If it weren't for double standards, most people wouldn't have any standards at all.
All you have to do is look at all the public figures who express views, and act on them in much more thorough ways, who get a free pass. Look at the all the famous Hollywood types with very sketchy behaviors in their backgrounds. Look at politicians as well, where it's even easier to find skeletons. Eich has been held to a standard that a whole lot of people in public life, CEOs, politicians, movie stars, sports heroes, would not live up to. Do we now move on to all of them?
The biggest problem I have with this situation is not that it happened to Eich, but that the mob has been so selective. There are plenty of people in the public life who have done far more than donate $1000 to a state referendum that, let's not forget, was popular enough to pass in one of the most liberal states in the Union, but haven't been hounded out their jobs for it.

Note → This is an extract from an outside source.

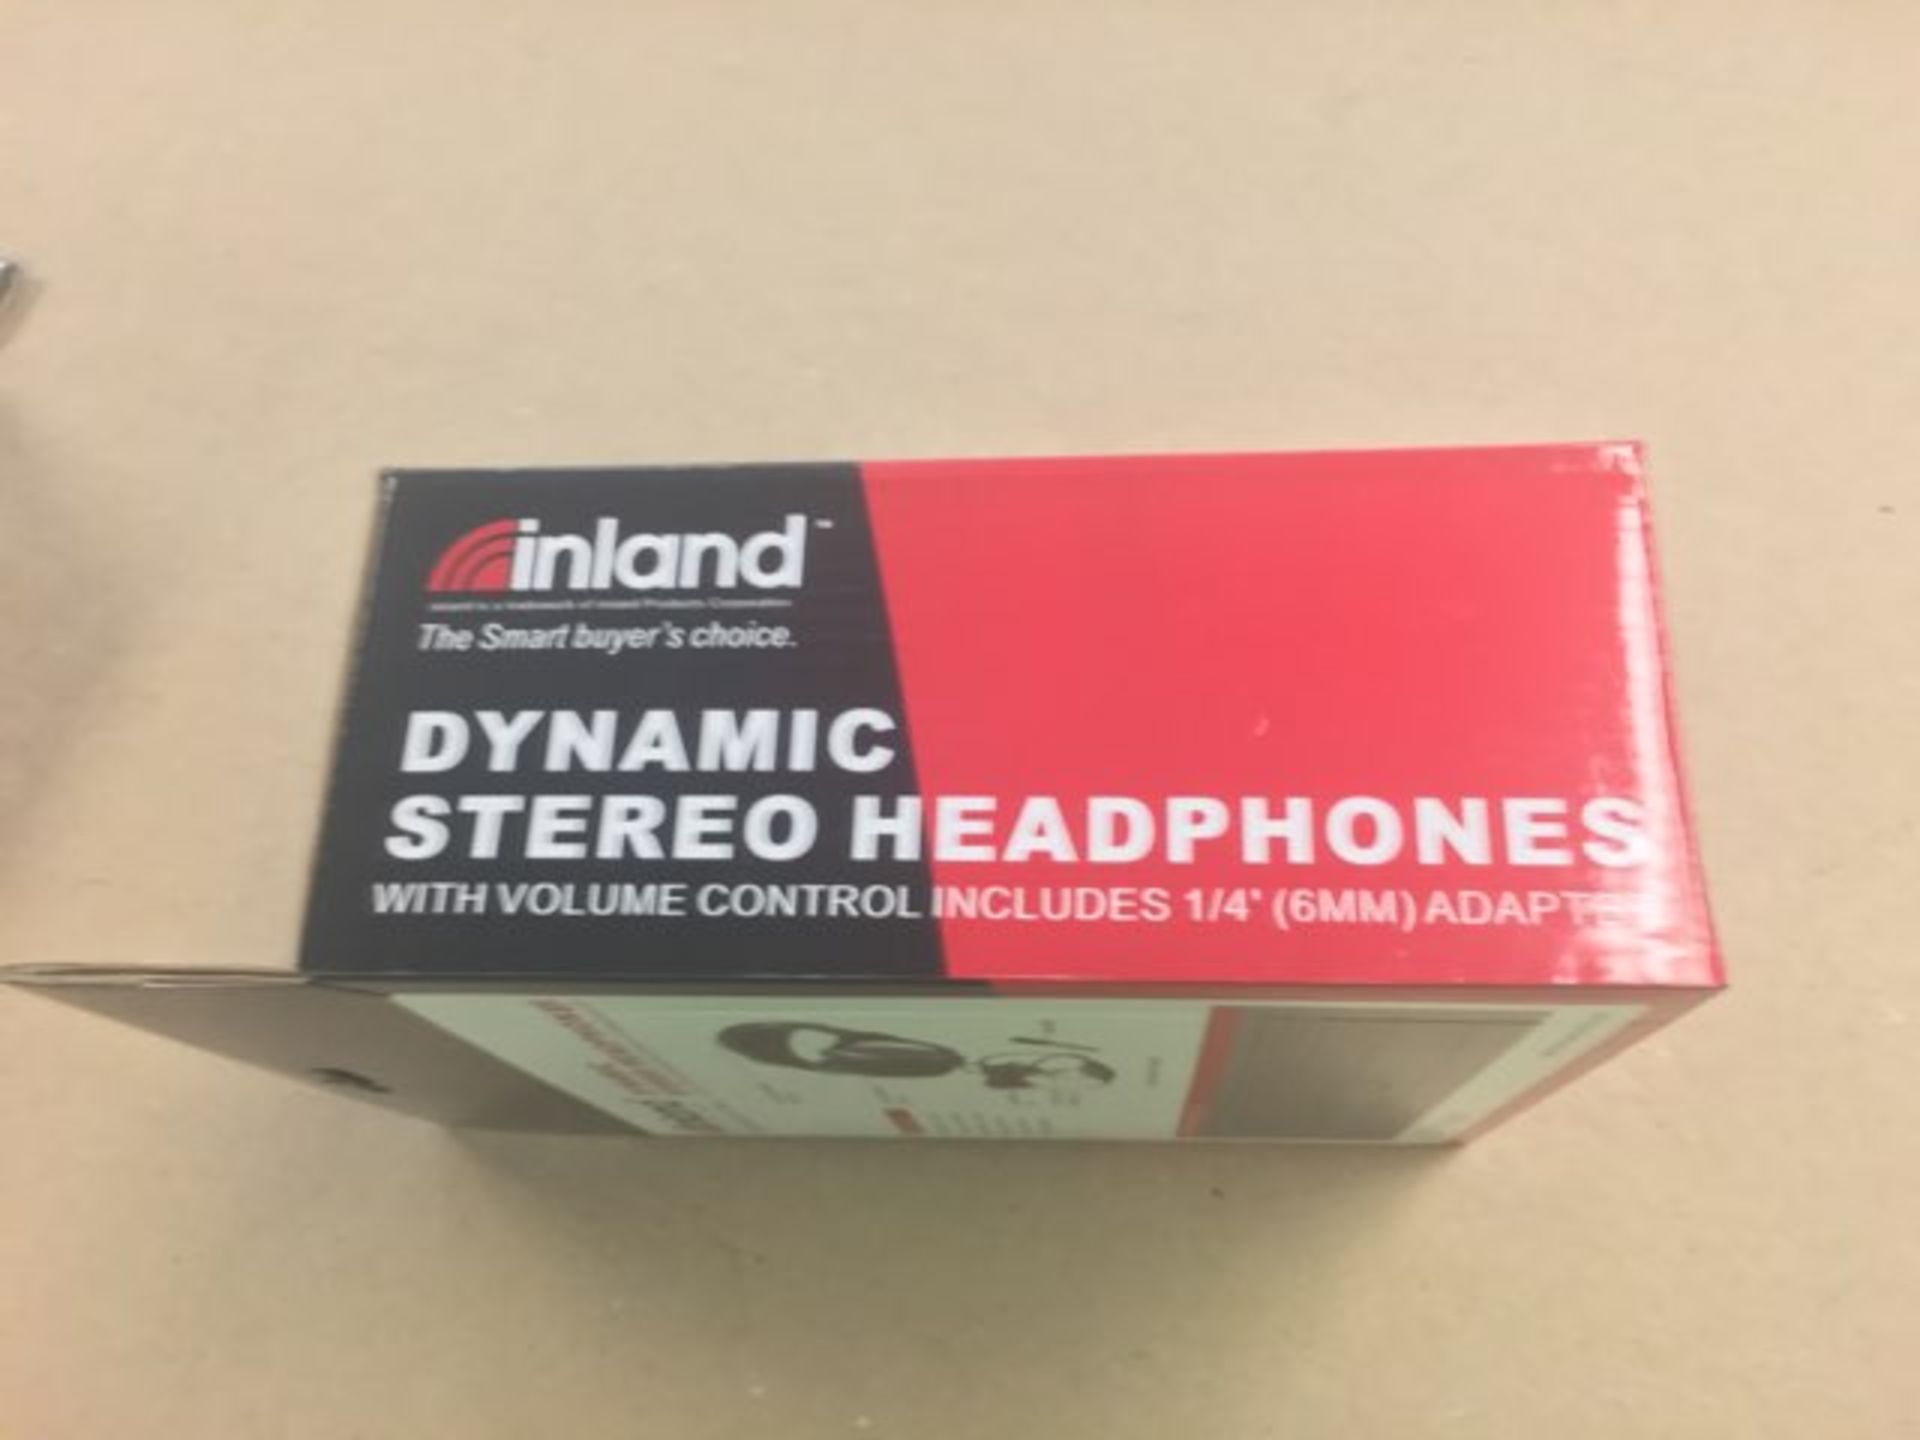 Inland Dynamic Stereo Headphones - Image 2 of 2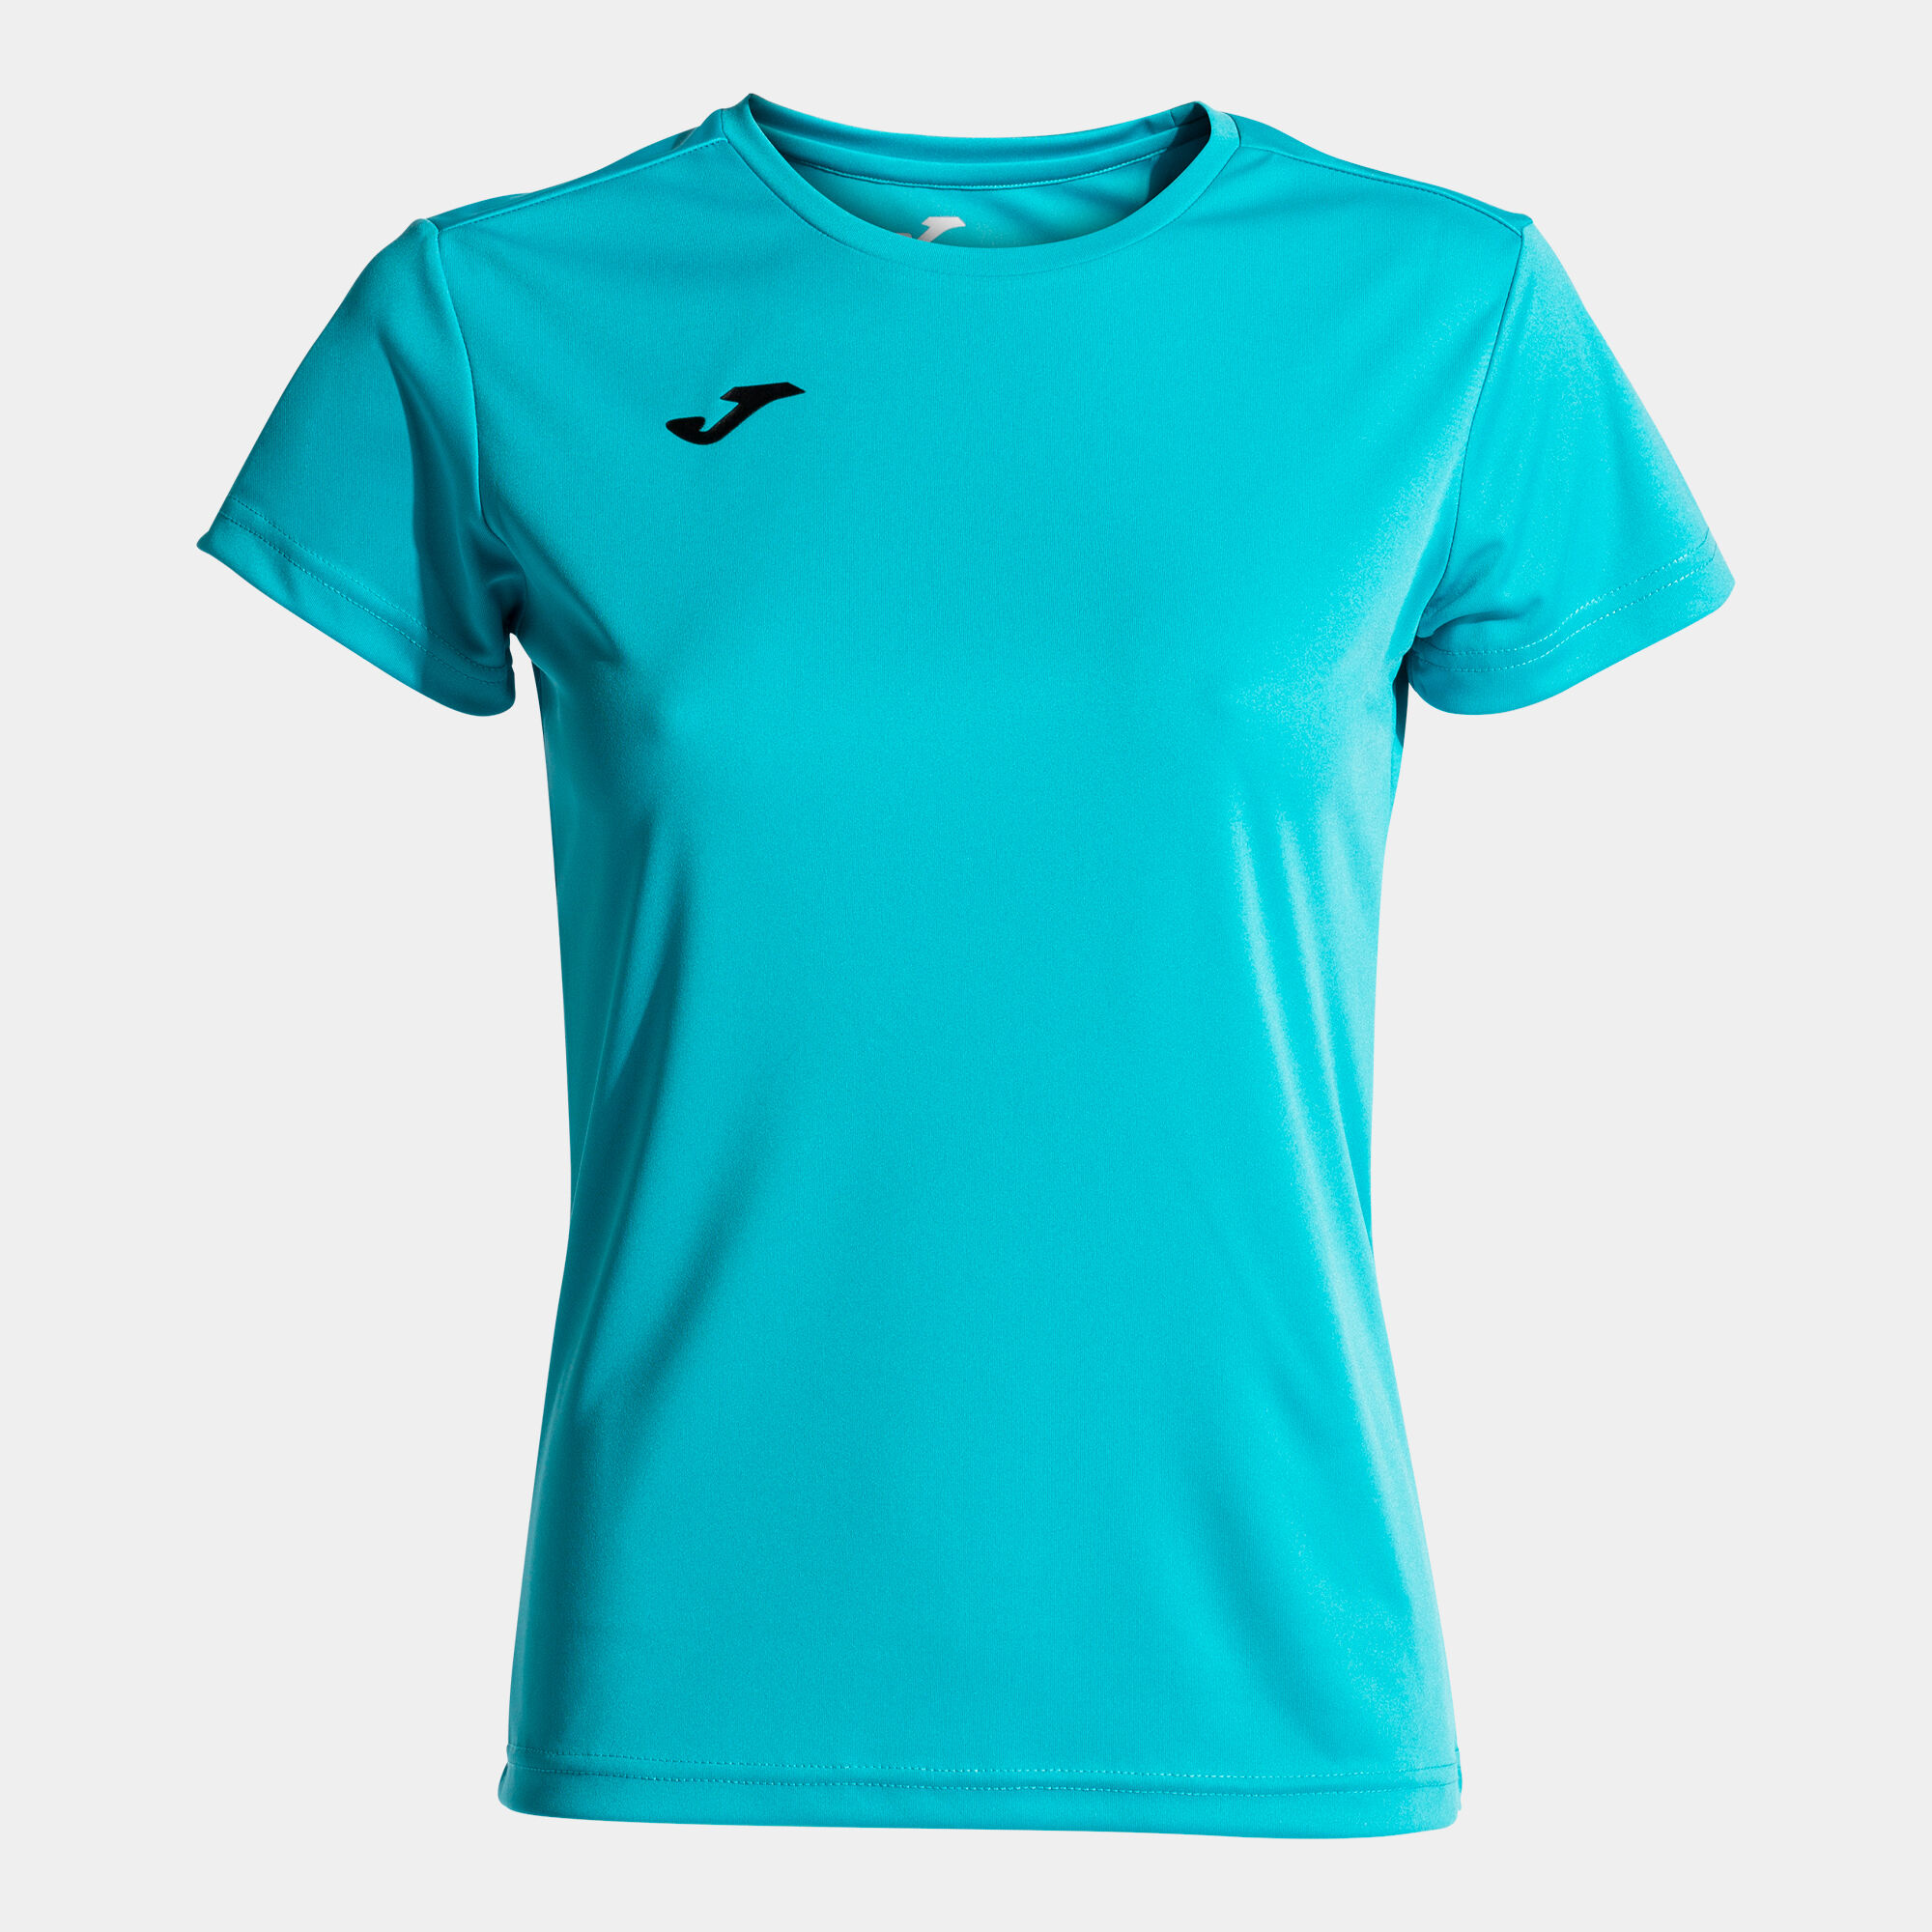 Maillot manches courtes femme Combi turquoise fluo

All the folks celebrating that a moral victory has been won with Mozilla ought to consider what happens if this considerable power is put to an evil use, or a use for which they personally find objectionable. Don't think it can't happen. 100 years ago, Fascism was the big thing because it allowed the leaders to Get Things Done, and in fact, many good things were done in that era by dictators with tremendous power to make sweeping changes. But some other stuff happened, too.
Of course, I'm speaking in a political climate where I heard many people state in 2009 that they wished President Obama weren't limited by the Constitution so he could _really_ fix things. I've never heard such a frightening thought from an American in my life, yet I heard it from a number of people back when the President was elected. That isn't a political thing either, because it would scare me equally no matter who the person was talking about. Sure, I don't like President Obama, but I wouldn't want that kind of power in the hands of someone who was the combined reincarnation of George Washington, Thomas Jefferson, Gandhi, Winston Churchill, and the Buddha himself either.
If we are living in a country where people are that ignorant of history and of human nature, then this society isn't long for the world anyway.
Maybe the tide is changing and this the start of a new era of populist activism. I guess you have nothing to worry about as long as you hold popular opinions... and, of course, those _never_ change.
Mob rule is a powerful thing and genies never go back in the bottle after they've been let out.
Free speech does not mean, and has never meant, freedom from social consequence. The Constitution does not say that you can do and say whatever you want and other people can't have opinions about it.
Eich paid good money in an attempt to restrict how people in Mozilla's home state live their lives — some of them even Mozilla employees. He expressed no regret for doing so, then became CEO of Mozilla, a company that virtually defines itself by freedom and inclusion.
There were myriad ways he could've attempted to resolve this, and he did precisely none of them. That he would rather give up the job entirely speaks volumes about what he finds important.